Собственно говоря, самостоятельности в нем не было никогда, кроме самых первых стихов:
«…Тревогу о приснившейся стране,
Где без сомнений скрещивают шпаги,
Любовь в груди скрывают, точно клад,
Не знают лжи, и парусом отваги
Вскипающее море бороздят…»
Эти стихи об Александре Грине несут на себе неистребимую печать Гумилева, но не за это я упрекаю автора их, а за то, что под нажимом «внутреннего редактора», даже не дождавшись замечаний редакторов издательских, он основательно перекроил свои стихи. В нескольких уже послевоенных изданиях исчез со стены гриновской комнаты «портрет Эдгара По» — ведь в этот период «буржуазного мистика» в СССР не жаловали, да и упоминание не русского поэта тогда грозило тем, что автора запишут в космпополиты со всеми «организационными последствиями». И взамен строчки «и на стене портрет Эдгара По» появилась строка, в которой место американского классика заняло какое-то «фото корабля»…
Или вот ещё замена: в довоенном варианте стихотворения было
«Из дерева я вырезал фрегат,
И над окном повесил в шумной школе
На радость смуглоскулых татарчат».
А в послевоенных изданиях поэт выселил татарчат из своих стихов, как Сталин из Крыма, а строка стала ещё оптимистичнее: «На радость всех сбежавшихся ребят».
Сходная операция проведена (опять же во избежание обвинений в «безродном космополитизме») над одним их лучших стихотворений поэта, над «Новгородской Софией»:
«Еще детинца тусклы ризы,
А даль прозрачна и пуста.
София, голубь темносизый,
В лазурных лужах пролита»
……………………………………………….
«Он весь — тугая соразмерность,
Соотношение высот,
Ассиметрия, тяжесть, верность
И сводов медленный полет.
Пчелиный разум Цареграда
Лепил апсиды и притвор…»
А после 1948 года опять же, чтобы не угодить в космополиты, поэт сменил строителей собора:
«Умели пчелы Новаграда
лепить апсиды и притвор'.
Впрочем, и не такое бывало тогда — ведь защитил кто-то диссертацию, доказав, что архитектор Юрий Фельтен не создавал решетку Летнего Сада! Фамилия была у него подозрительно иностранная! Ну, и приписали создание решётки кузнецу Зайцеву!)

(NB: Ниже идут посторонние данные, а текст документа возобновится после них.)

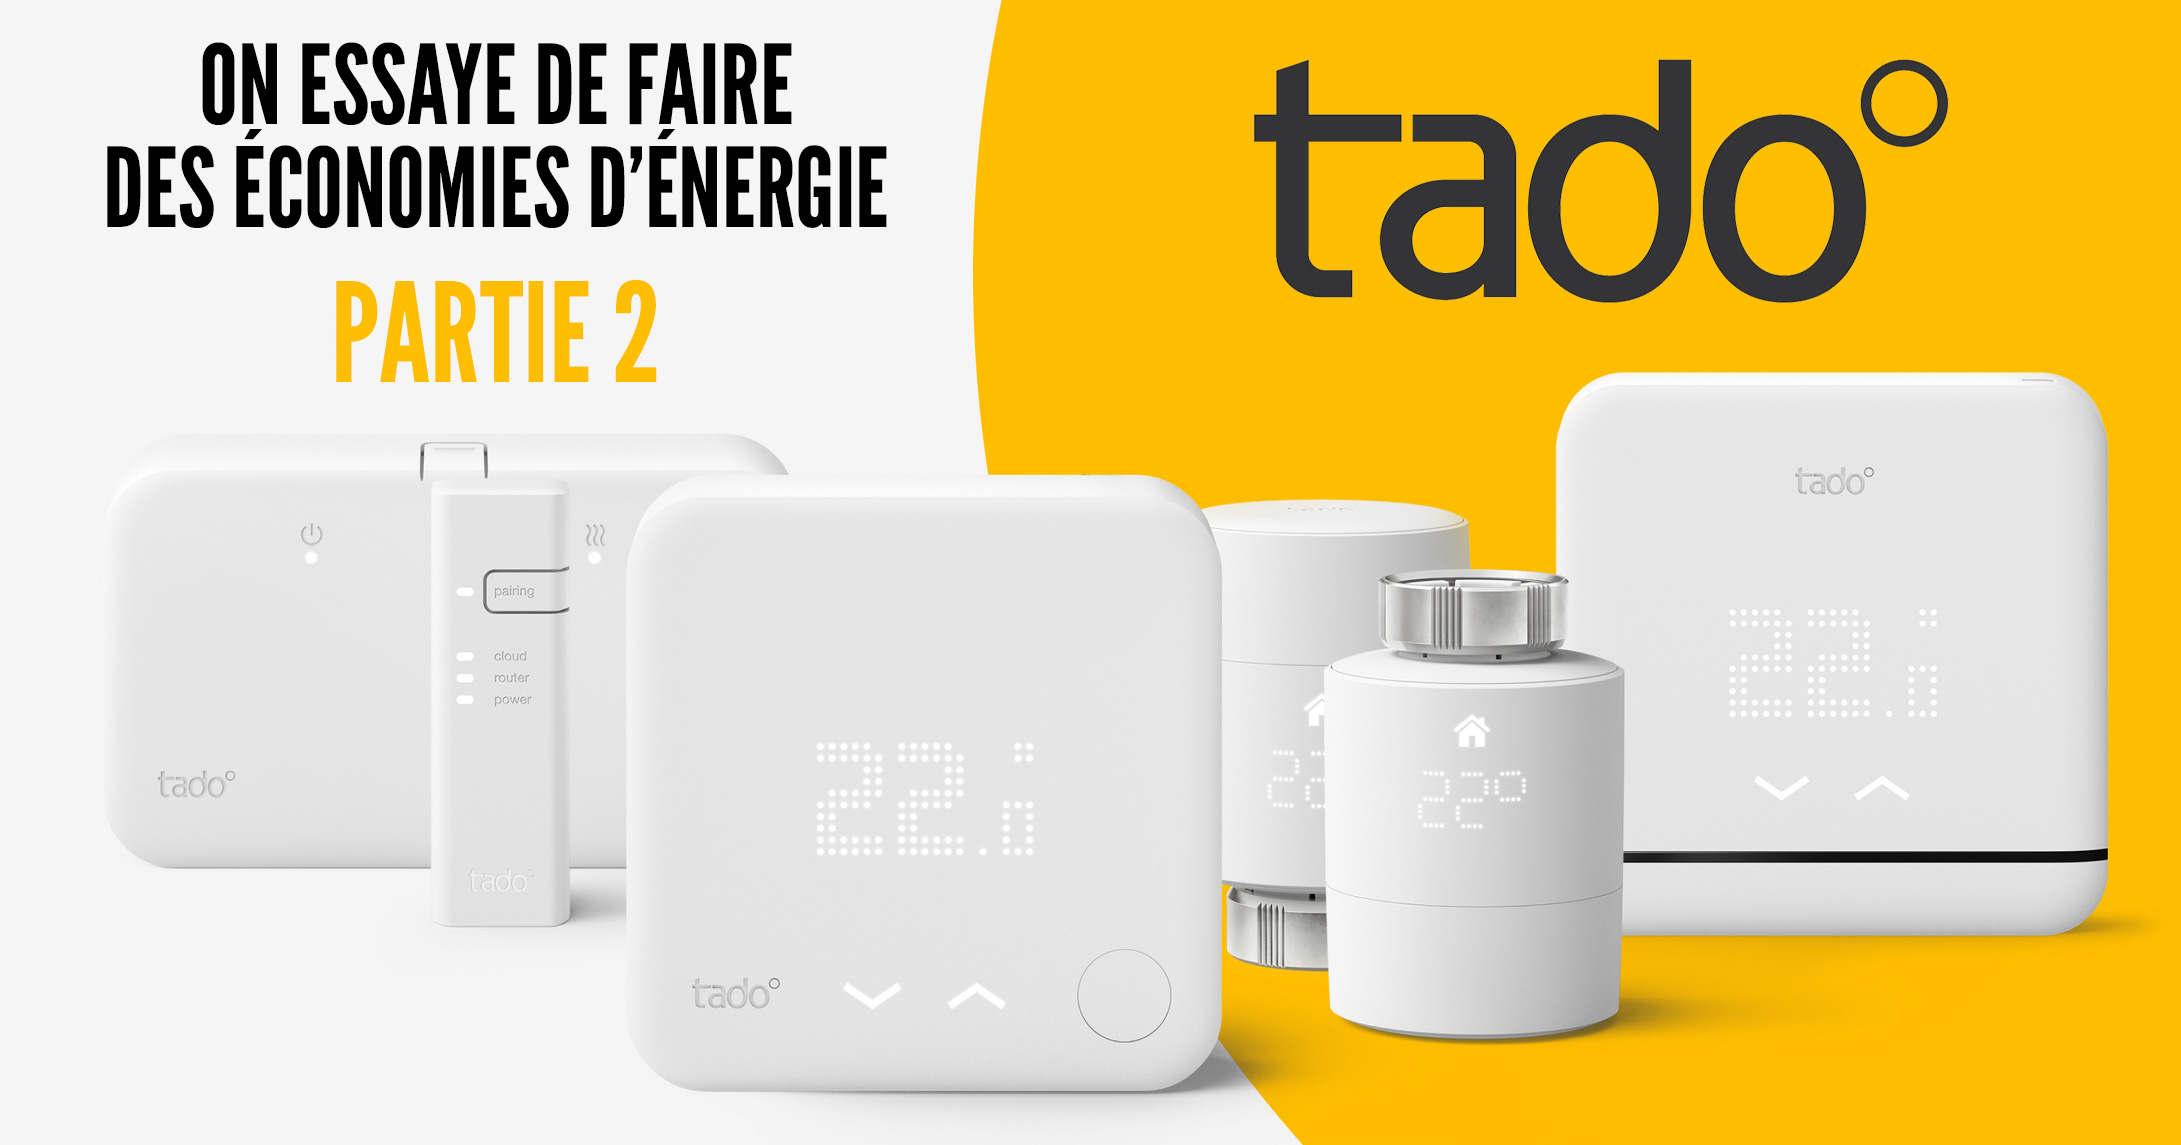 Tête thermostatique connectée connectée kit v3+ basic Tado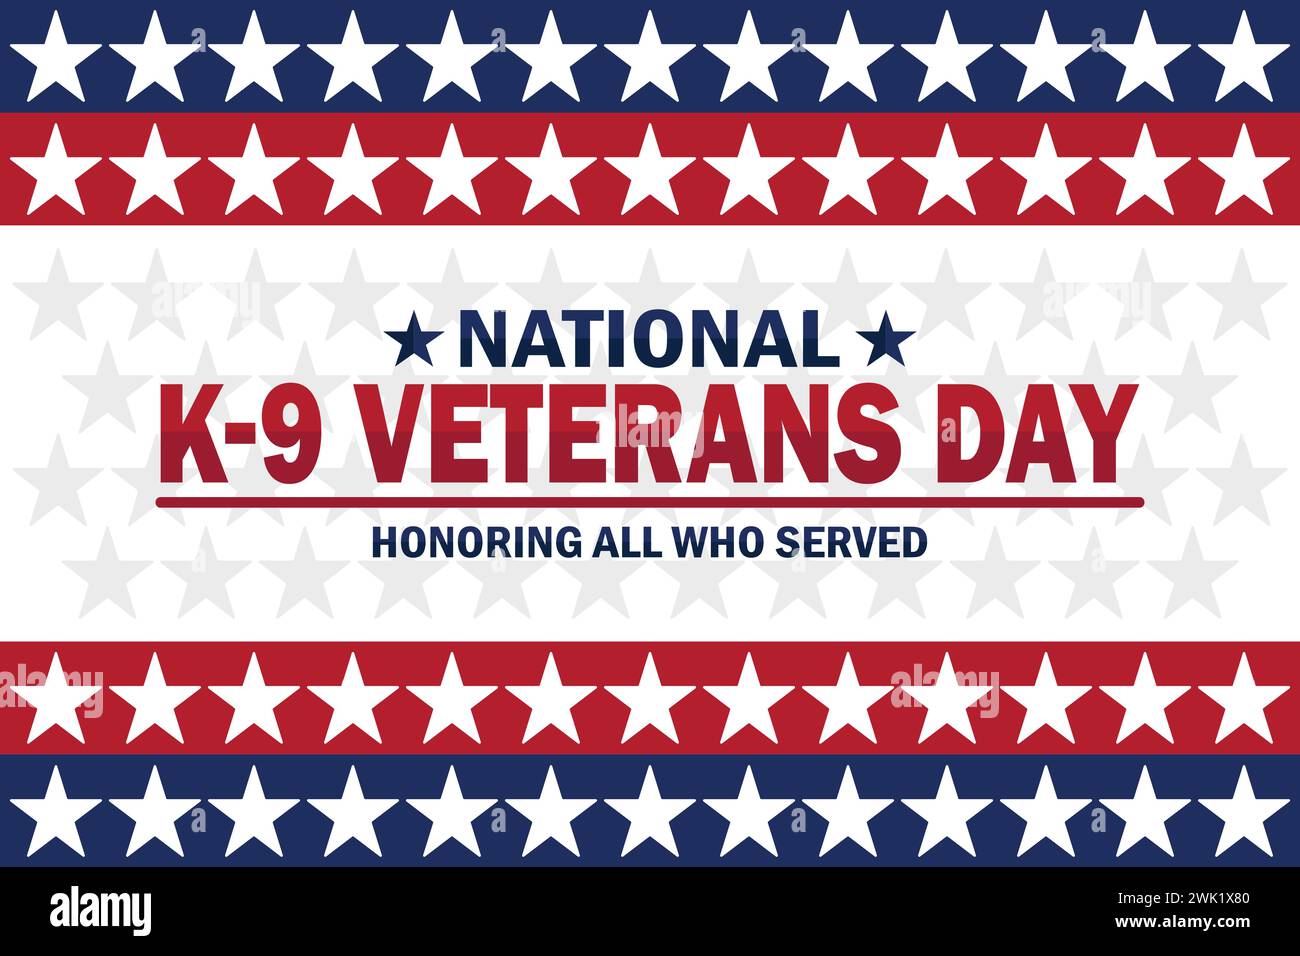 National K 9 Veterans Day fond d'écran moderne avec étoiles et typographie. Honorer tous ceux qui ont servi. Journée nationale des anciens combattants K 9, contexte Illustration de Vecteur

И вот в концовке стихотворения о Софийском соборе появляются пионеры, как весёлый контраст мрачной прохладе храма. Эти пионеры регулярно возникают в конце чуть ли не каждого стихотворения на темы прошлого, а в стихах о Царскосельских парках они, вообще единственный увиденный поэтом атрибут современности, и связаны с античными статуями толстой белой ниткой…
Но не все же поэту переделывать старые стихи, приспосабливая их в каждом новом издании к новому зигзагу идеологической линии! И в стихах 1959 года мы видим сжигание акмеистических кораблей во всех смыслах:
Дышал я в пальмах вечным маем
На океанских островах.
(врет поэт, не выездной он был!)
Жил в легкой хижине с Маклаем,
Бродил с Арсеньевым в горах…
И побаловавшись перечислениями экзотических имен и мест, автор истерически открещивается от всего, что не находится в пределах Советского Союза, утешая советского читателя:
«Но что чудес искать далеко!
Они вот здесь живут сейчас,
Где мир, раскинутый широко
Построен нами и для нас!»
И за этой пошлятиной следует бодренький треп о социализме, о 'чуде', которое творят конечно 'простые люди».
Но иногда даже в эти годы наполненные пафосом «чего изволите», проскальзывали у Всеволода Рождественского иные строки — если случайно они были о том, что действительно ему было близко и не противоречило вместе с тем официальной государственной позиции. Такие строки в основном попадаются в стихах о старом Петербурге, о его зодчих и художниках.
«Чтоб в громе пушечных ударов
В Неву входили корабли,
Поставил Адриан Захаров
Маяк отеческой земли.
И этой шпаги острый пламень,
Прорвав седой туман болот,
Фасада выветренный камень
Приподнял в дерзостный полет».
И всё же настораживает и в этих строках нечто казённое. А потому и забаналивающее их… Это что- то сродни сухости казённого классицизма николаевского толка… В хороших вроде строках — опять приспособленчество, но уже не внешнее, как с пионерами, а глубинное. Описывая захаровский ампир, то есть поздний классицизм, поэт тем самым напоминает о новом ампире ХХ в., шумно проявившемся в бесконечных послевоенных подражаниях началу XIX в. о так называемом «сталинском ампире», долженствовавшем самим своим холодным величием вызывать у зрителей нужные идеологам аналогии. Вот это официальное имперское псевдониколаевское 'величие', обозванное позднее 'архитектурными излишествами' и звучит в стихах 'последнего акмеиста'.